Is it accepted use 2 ncclComm_t/2 stream in 1 process with 1 GPU #208

amazingyyc · 2019-04-19T17:12:38Z

I want to know does the nccl support multi-ncclComm_t/multi stream in 1 process with 1 GPU?
Like I use mpi to run distribute job, every process operate 1 GPU, I want use 2 thread in every process, and every thread has a unique ncclComm_t/cudastream communicate with the other process's thread.
process1-thread1 talk with process2-thread1,(have a unique ncclcomm)
process1-thread2 with process2-thread2,

In mpi I can use MPI_Comm_split_type to get sub-comm, How can i do the same thing in nccl?

kwen2501 · 2019-04-19T18:23:13Z

Yes, you can reuse a GPU in multiple communicators.
But you would need to make sure that you post NCCL operations in the same order on all GPUs.
Regarding communicator partition, we don't have an API for that yet. You would need to create two communicators for now.

amazingyyc · 2019-04-20T02:19:11Z

Thanks kwen2501, Yes I create 2 communicators for 2 thread in 1 process seperatly. the communicators-1 in process1 works in thread-1 only communicate with process-2's communicators-1. But I got some error like:

next-a-gpu-0006:27806:27906 [0] enqueue.cu:197 NCCL WARN Cuda failure 'invalid resource handle'
next-a-gpu-0006:27806:27906 [0] NCCL INFO enqueue.cu:438 -> 1

So i want to know the right way to create 2 communicators in 1 process, I read the example by nccl and google it, But find nothing about this.

amazingyyc · 2019-04-21T07:41:14Z

I remove calling ncclComm function in second thread, just used in thread1, my program works well.

kwen2501 · 2019-04-21T14:31:19Z

Sorry for replying late. Do you still have problem with the two-communicator case? If you do, do you mind posting your code here?

amazingyyc · 2019-04-21T14:44:17Z

Thanks kwen2501 , I fix it. the error is not caused by nccComm, It's about the GPU memory. I fix it by: call cudaSetDevice before use the GPU memory in different thread. Thanks again.

kwen2501 · 2019-04-21T14:49:34Z

Also, (not related to the problem you were seeing), while using two communicators on one GPU is okay, using two streams for those two communicators may sometimes lead to hang.

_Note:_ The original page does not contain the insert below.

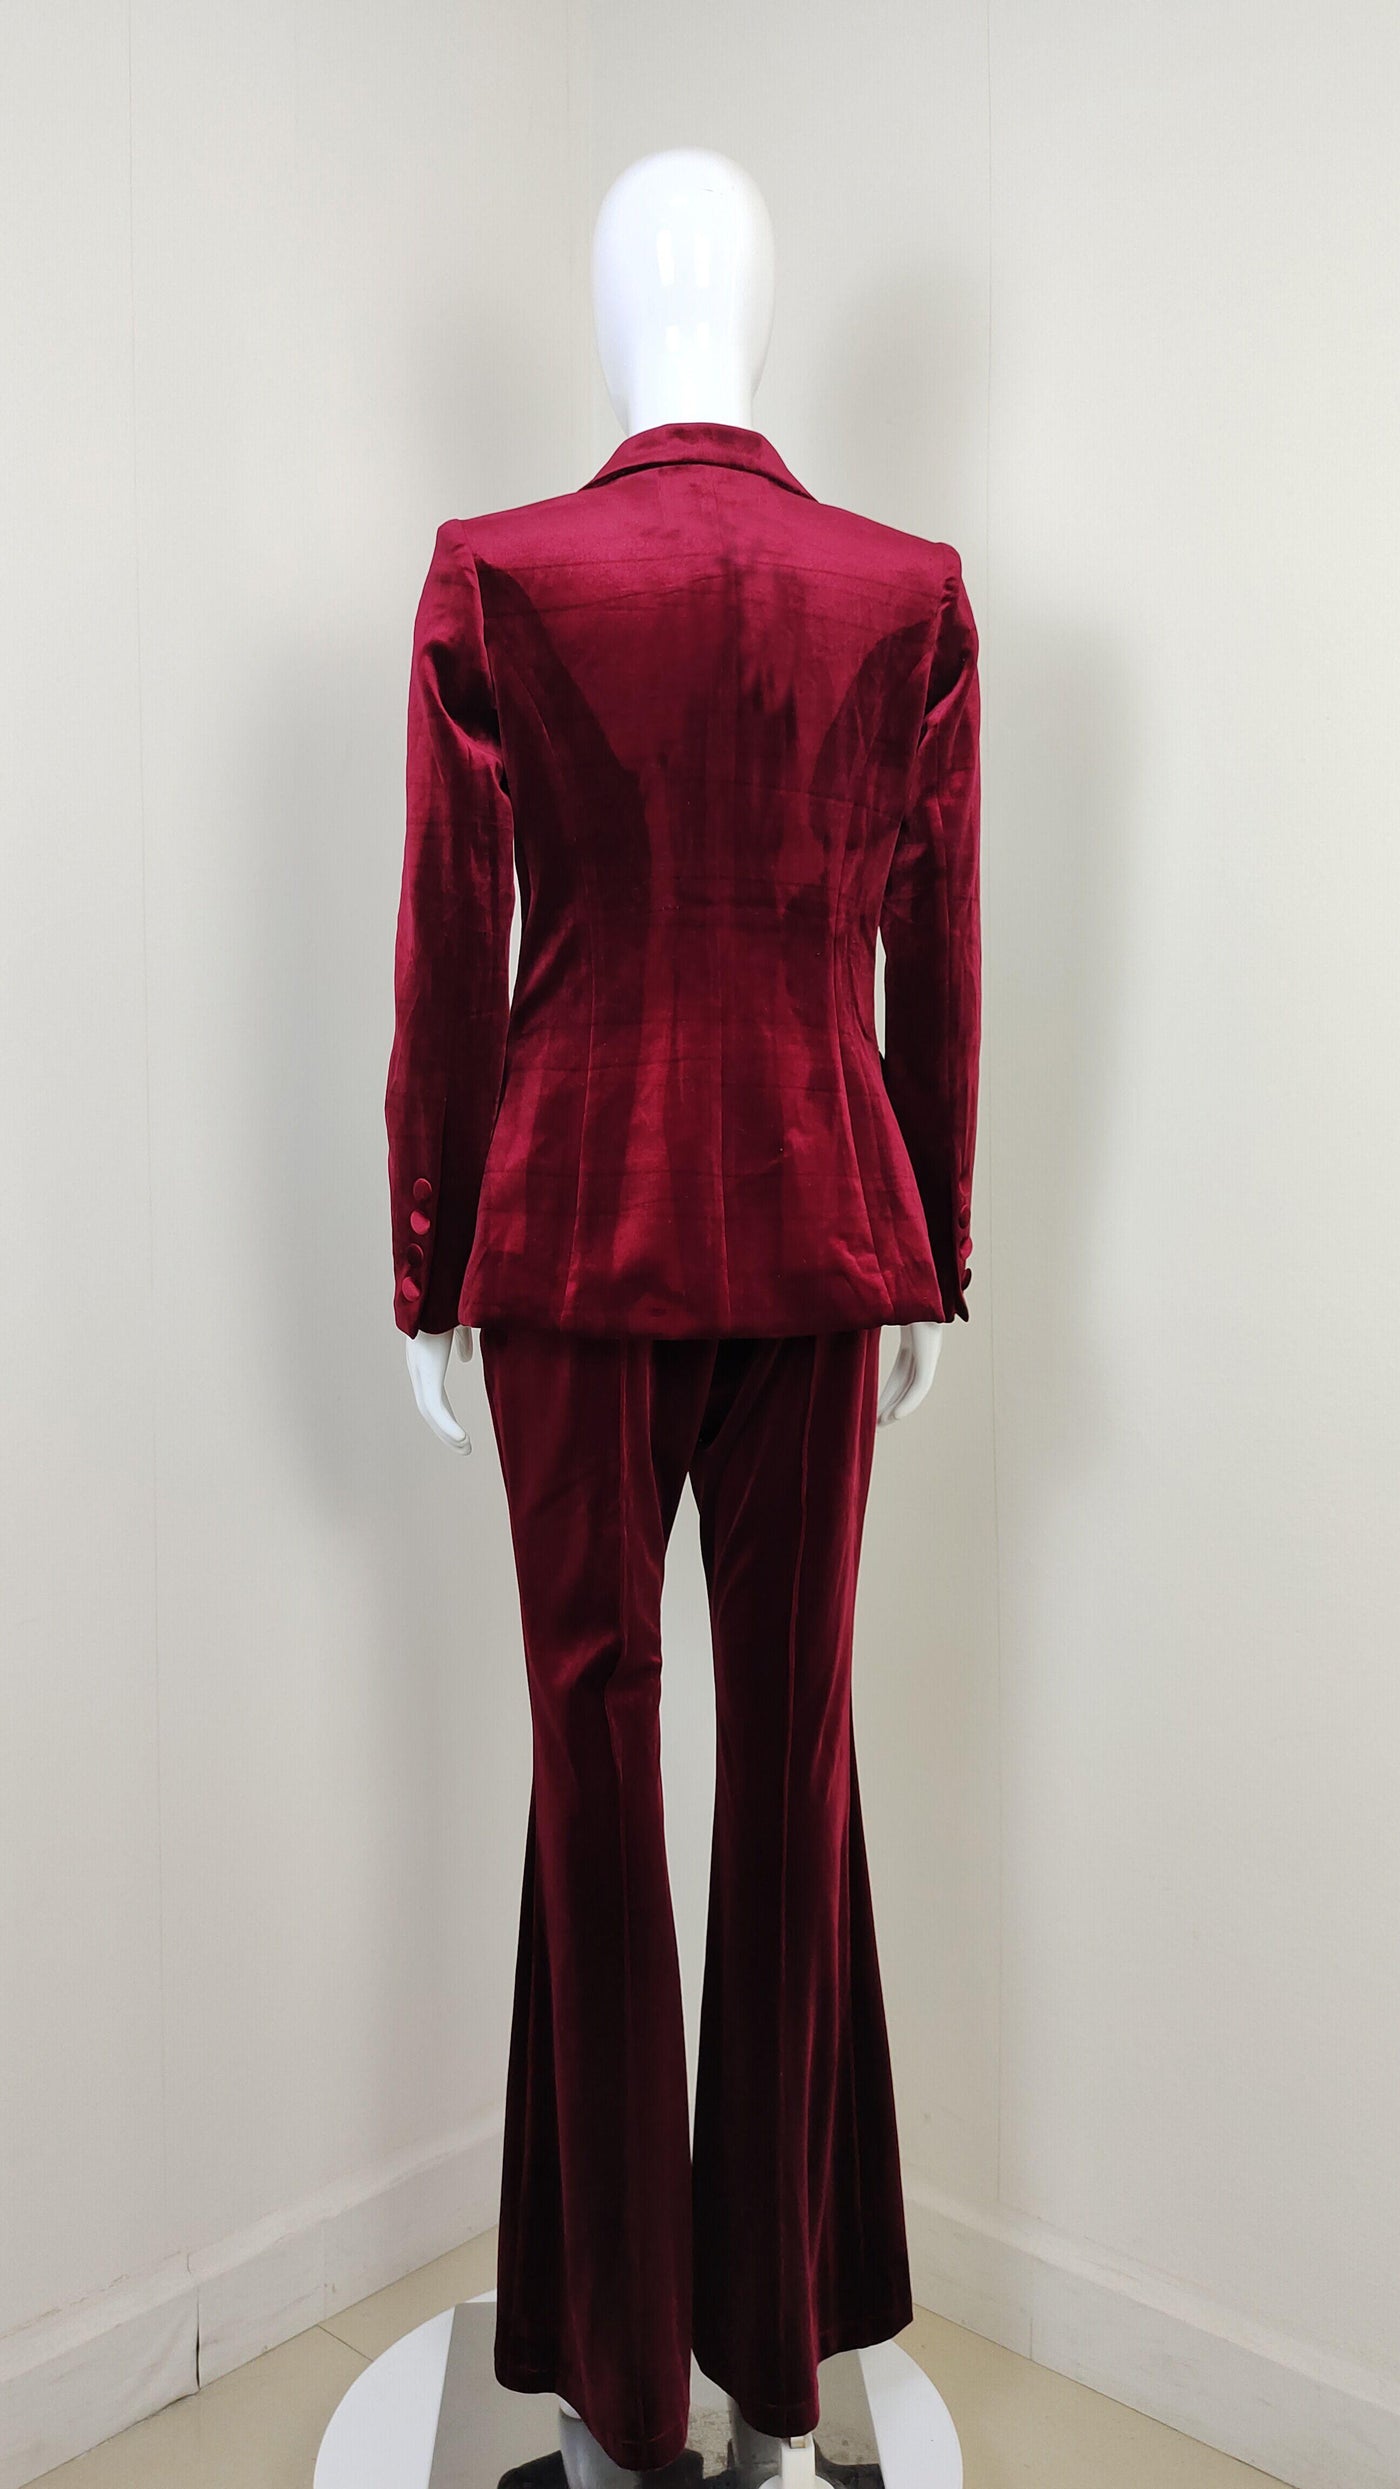 Viola Velvet Blazer Top & Flare Pants Set - Hot fashionista
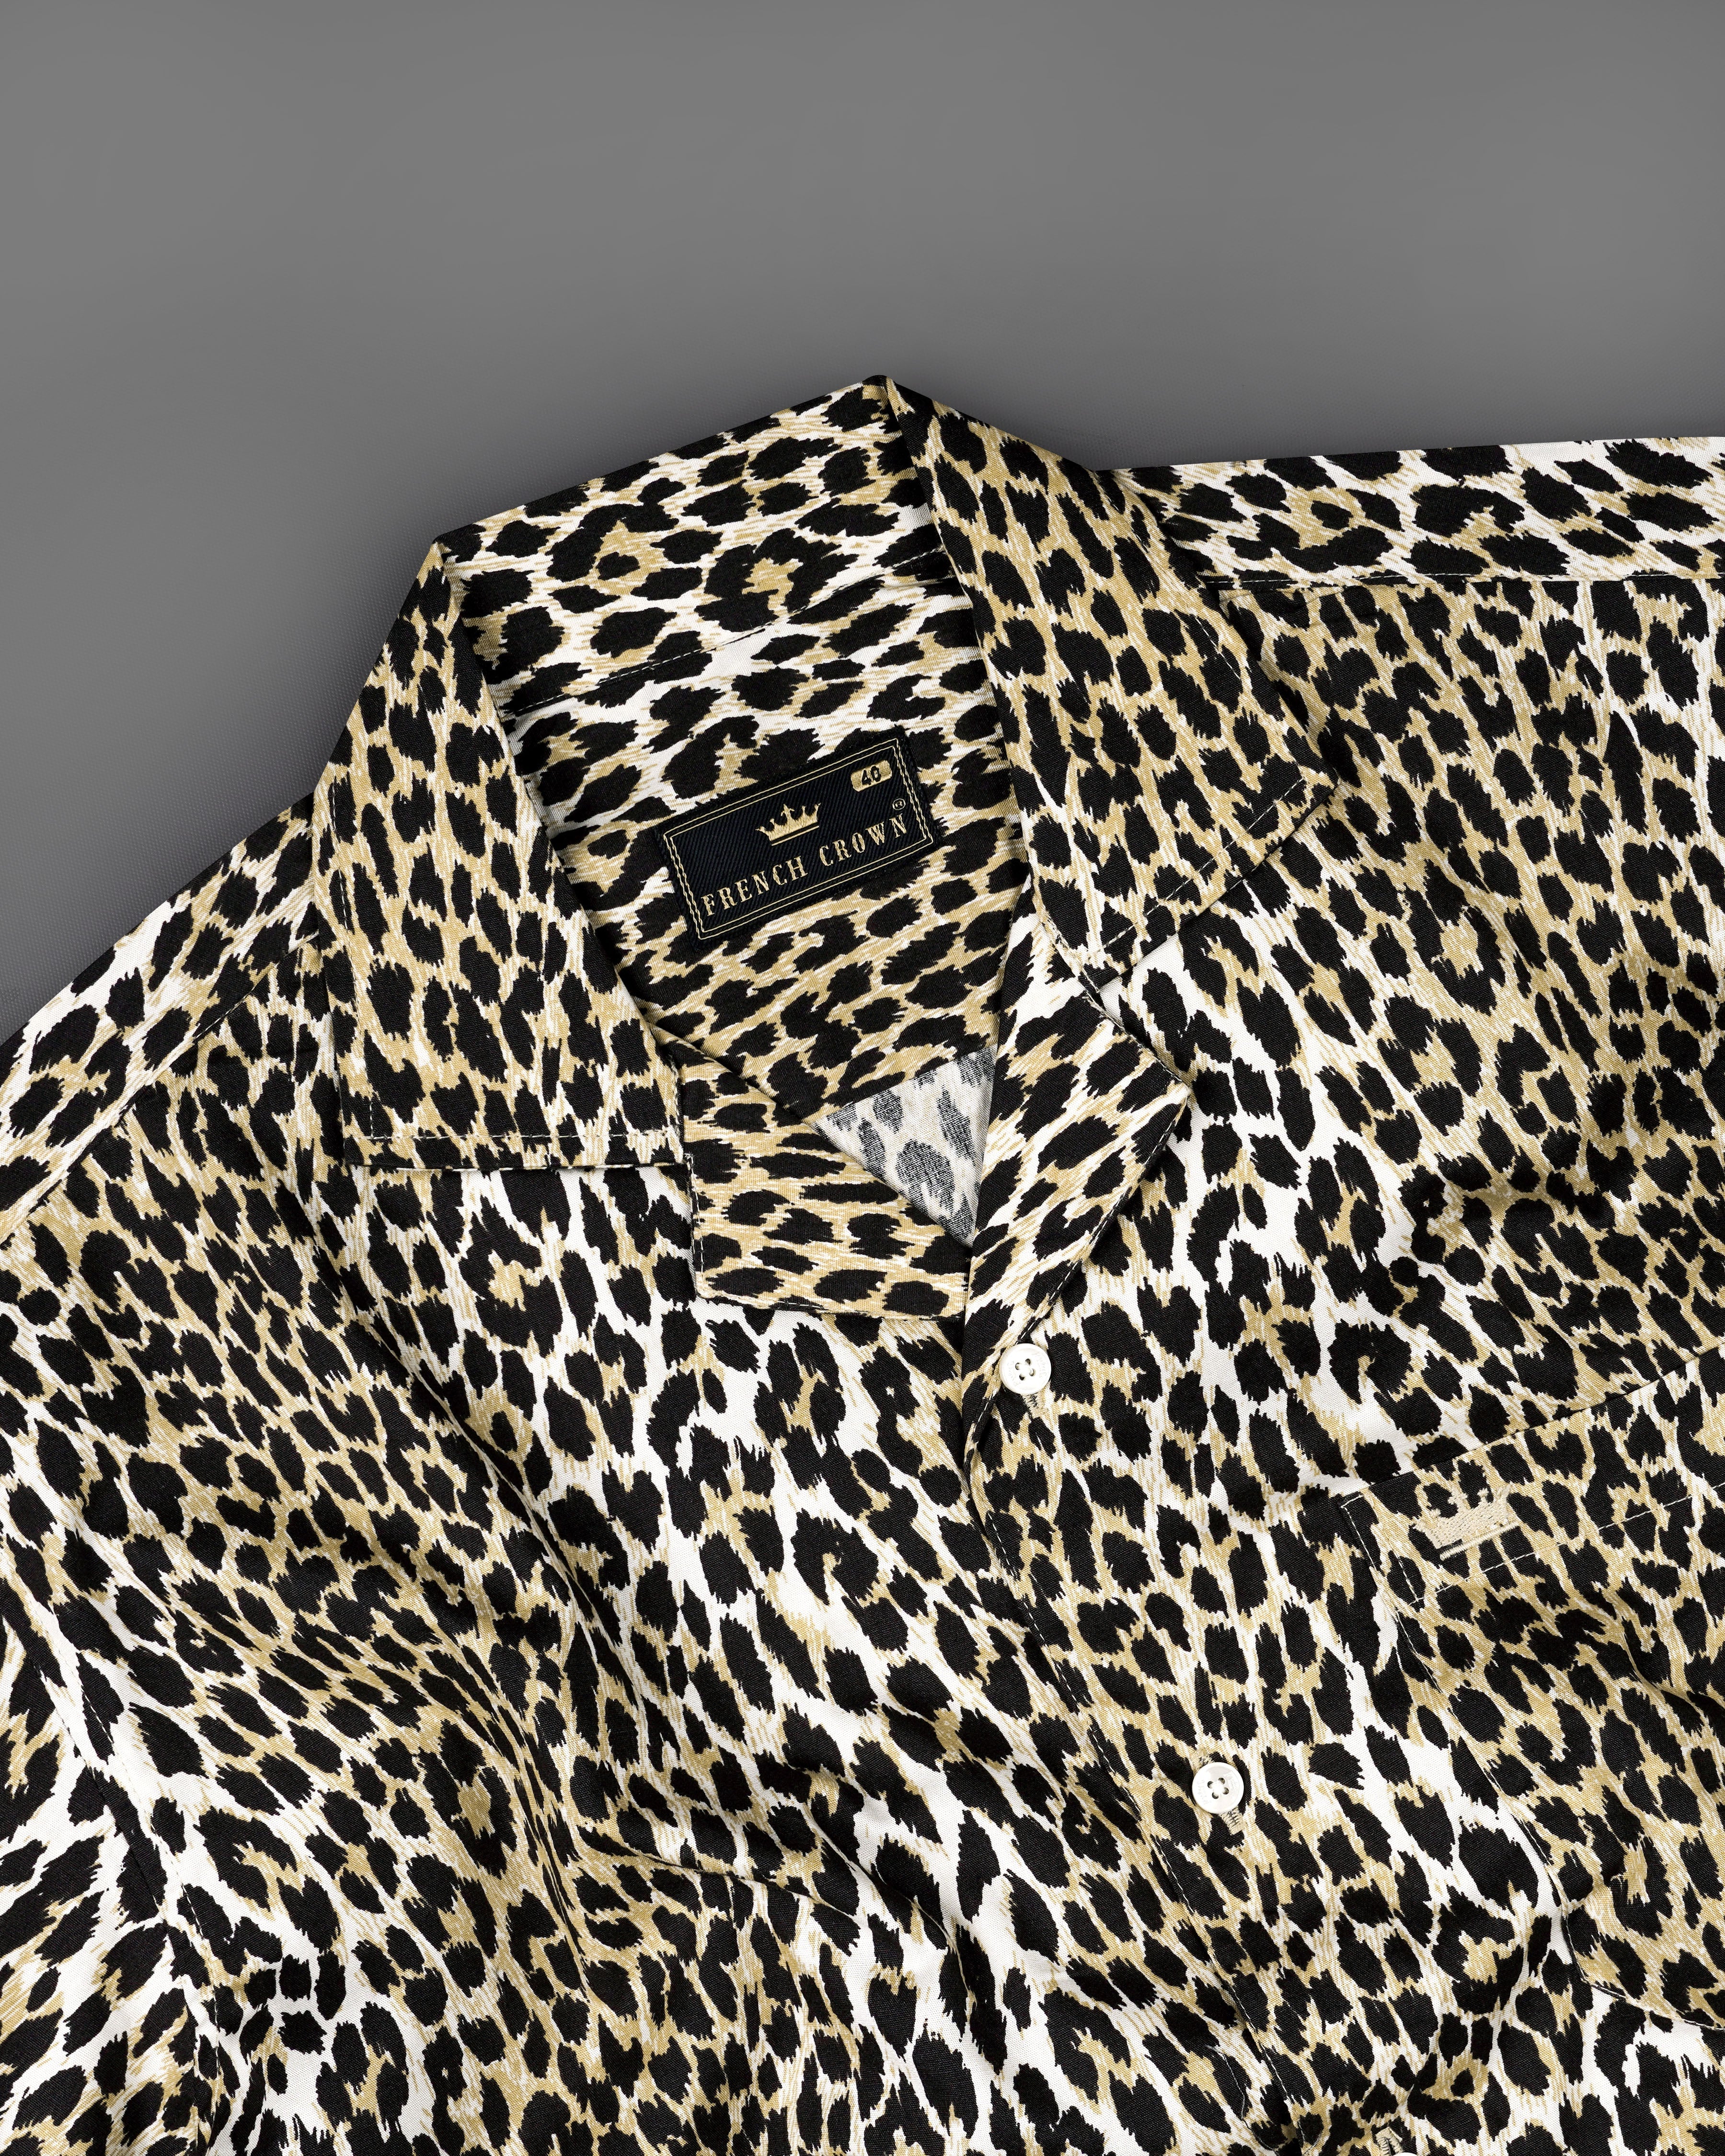 Cararra Cream with Brandy Brown and Black Leopard Striped Printed Premium Cotton Shirt        8364-CC-H-38,8364-CC-H-39,8364-CC-H-40,8364-CC-H-42,8364-CC-H-44,8364-CC-H-46,8364-CC-H-48,8364-CC-H-50, 8364-CC-H-52

For example, the following code cannot guarantee the two all-reduce operations are scheduled in the same order on the two GPUs:
On GPU 0:
ncclAllReduce(......, comm_a, stream_a); ncclAllReduce(......, comm_b, stream_b);
On GPU 1:
ncclAllReduce(......, comm_a, stream_a); ncclAllReduce(......, comm_b, stream_b);

amazingyyc · 2019-04-21T15:37:38Z

If i do below it also may get to hang?
On process 0, GPU 0:
thread 0: ncclAllReduce(......, comm_a, stream_a); ncclreduce(comm_a, stream_a), cudaMemcpyAsync(stream_a)
thread 1: cudaMemcpyAsync(stream_b), ncclGather(......, comm_b, stream_b); ncclbcast(comm_b, stream_b)

On process 1, GPU 1:
thread 0: ncclAllReduce(......, comm_a, stream_a); ncclreduce(comm_a, stream_a), cudaMemcpyAsync(stream_a)
thread 1: cudaMemcpyAsync(stream_b), ncclGather(......, comm_b, stream_b); ncclbcast(comm_b, stream_b)

amazingyyc · 2019-04-21T15:45:56Z

Also, (not related to the problem you were seeing), while using two communicators on one GPU is okay, using two streams for those two communicators may sometimes lead to hang.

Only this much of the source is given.